Forced labour is everywhere – and it’s on the rise. Recent reports from the International Labour Organization (ILO) estimate 28 million people were in situations of forced labour in 2021, a 12 percent increase from 2016. The majority of these cases are found in the private sector, particularly in central operations of the consumer goods industry such as manufacturing and agriculture.
This trend is unacceptable, and the way forward is clear: consumer goods companies must be key leaders in global efforts against forced labour in their own operations and supply chains.
To mark International Day of Human Rights, The Consumer Goods Forum (CGF) Human Rights Coalition – a CEO-led initiative of the world’s largest consumer goods manufacturers and retailers taking collective action against forced labour – is urging all businesses worldwide to take on this challenge and prioritise forced labour in their human rights due diligence. There’s no denying that forced labour is the most salient human rights impact in our industry. Without tackling forced labour, we won’t be able to ensure our workers are free from discrimination, violence, or other human rights abuses – driving systemic change and addressing root causes of injustice is key to creating sustainable supply chains.
With our new campaign – #CloserThanYouThink – we seek to increase awareness of the prevalence of forced labour risks in the consumer goods industry, the value for businesses in taking action, and – importantly – offer practical solutions for how to effectively remedy actual and potential impacts.

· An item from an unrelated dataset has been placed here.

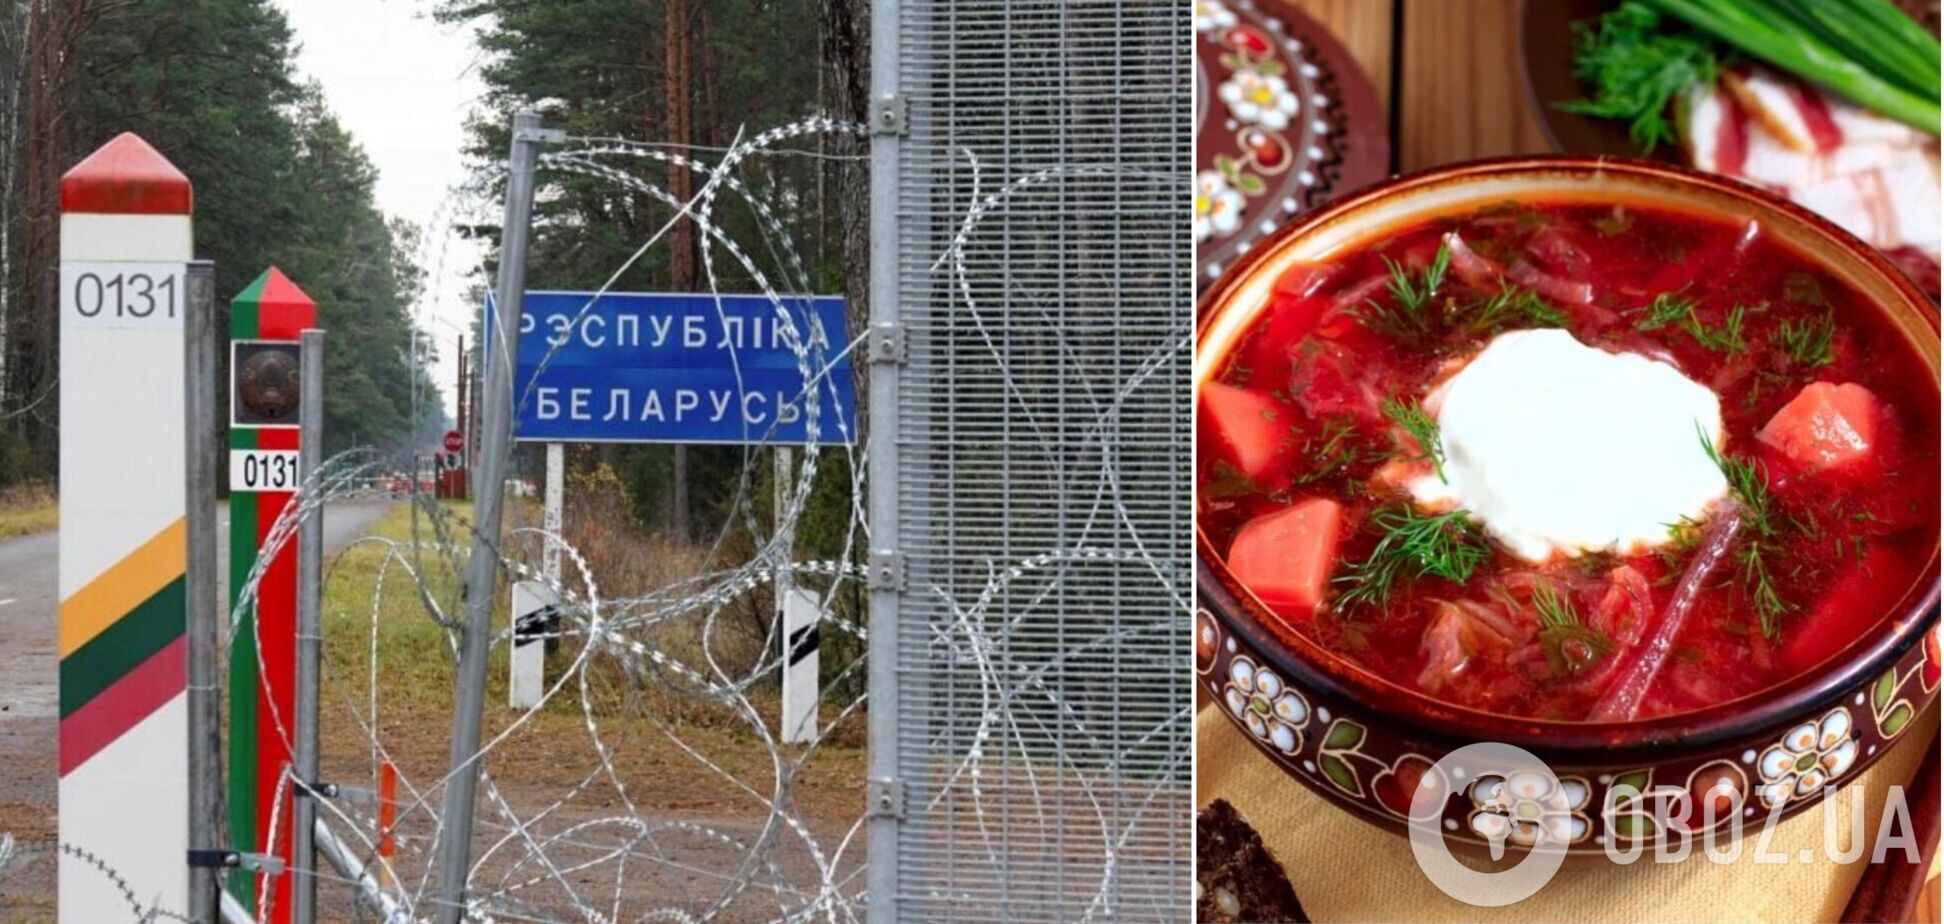 'Переходьте на наш бік':   білоруси влаштували цинічну акцію на кордоні з Україною із розповіддю про 'братський борщ'. Відео
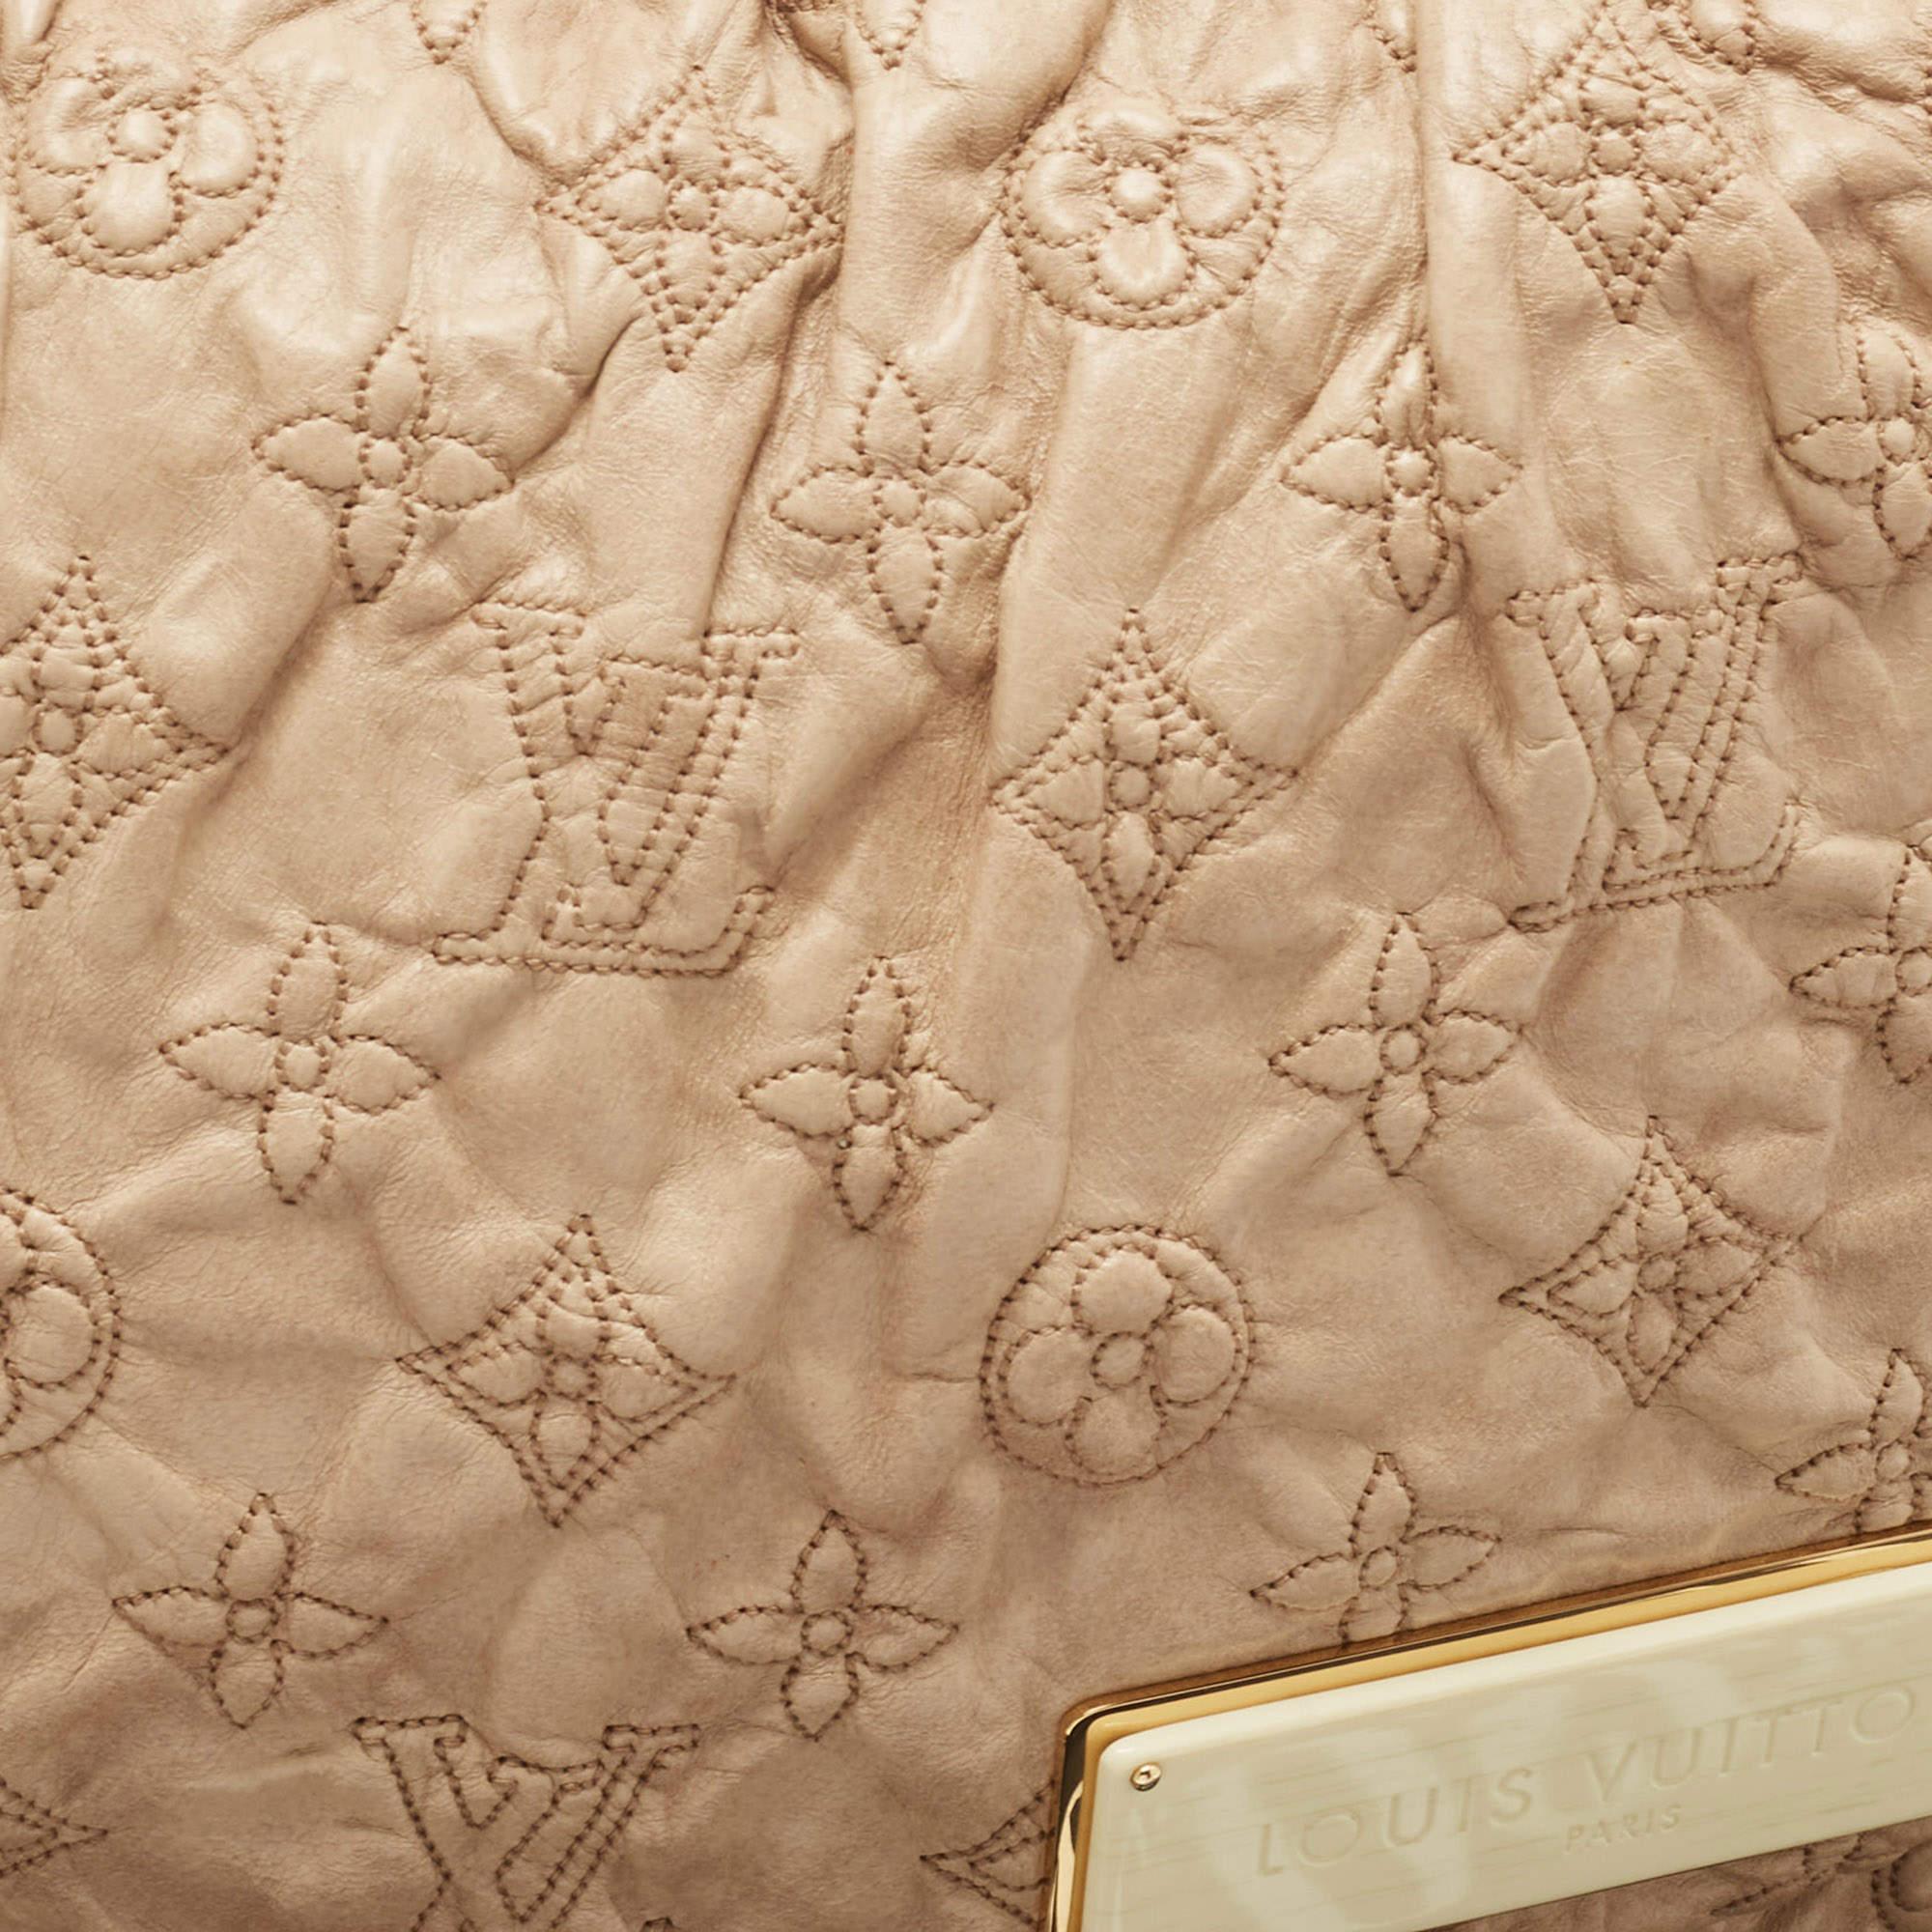 D'une élégance et d'une beauté exceptionnelles, ce sac Louis Vuitton rehaussera instantanément votre tenue. Confectionné à partir des meilleurs matériaux, cet authentique LV Limited Edition Olympe Nimbus GM est une ode parfaite au savoir-faire

I encourage businesses to use our #CloserThanYouThink video series to help raise awareness of what forced labour looks like, where it exists, and in which operations and tiers within the supply chain can workers be at a higher risk for forced labour.
While businesses have made progress in ensuring decent working conditions through operationalising due diligence, the ongoing impacts of migration, the COVID-19 pandemic, and conflicts are increasing forced labour globally. Businesses must therefore continue to improve their human rights due diligence to ensure no workers are at risk for this injustice.
On behalf of the HRC, I urge all businesses throughout the consumer goods industry to look closely at their operations and supply chains and use robust due diligence systems – like the ones developed by our Coalition – to effectively identify, prevent, and remedy forced labour risks. Forced labour truly is everywhere, and often, it’s #CloserThanYouThink.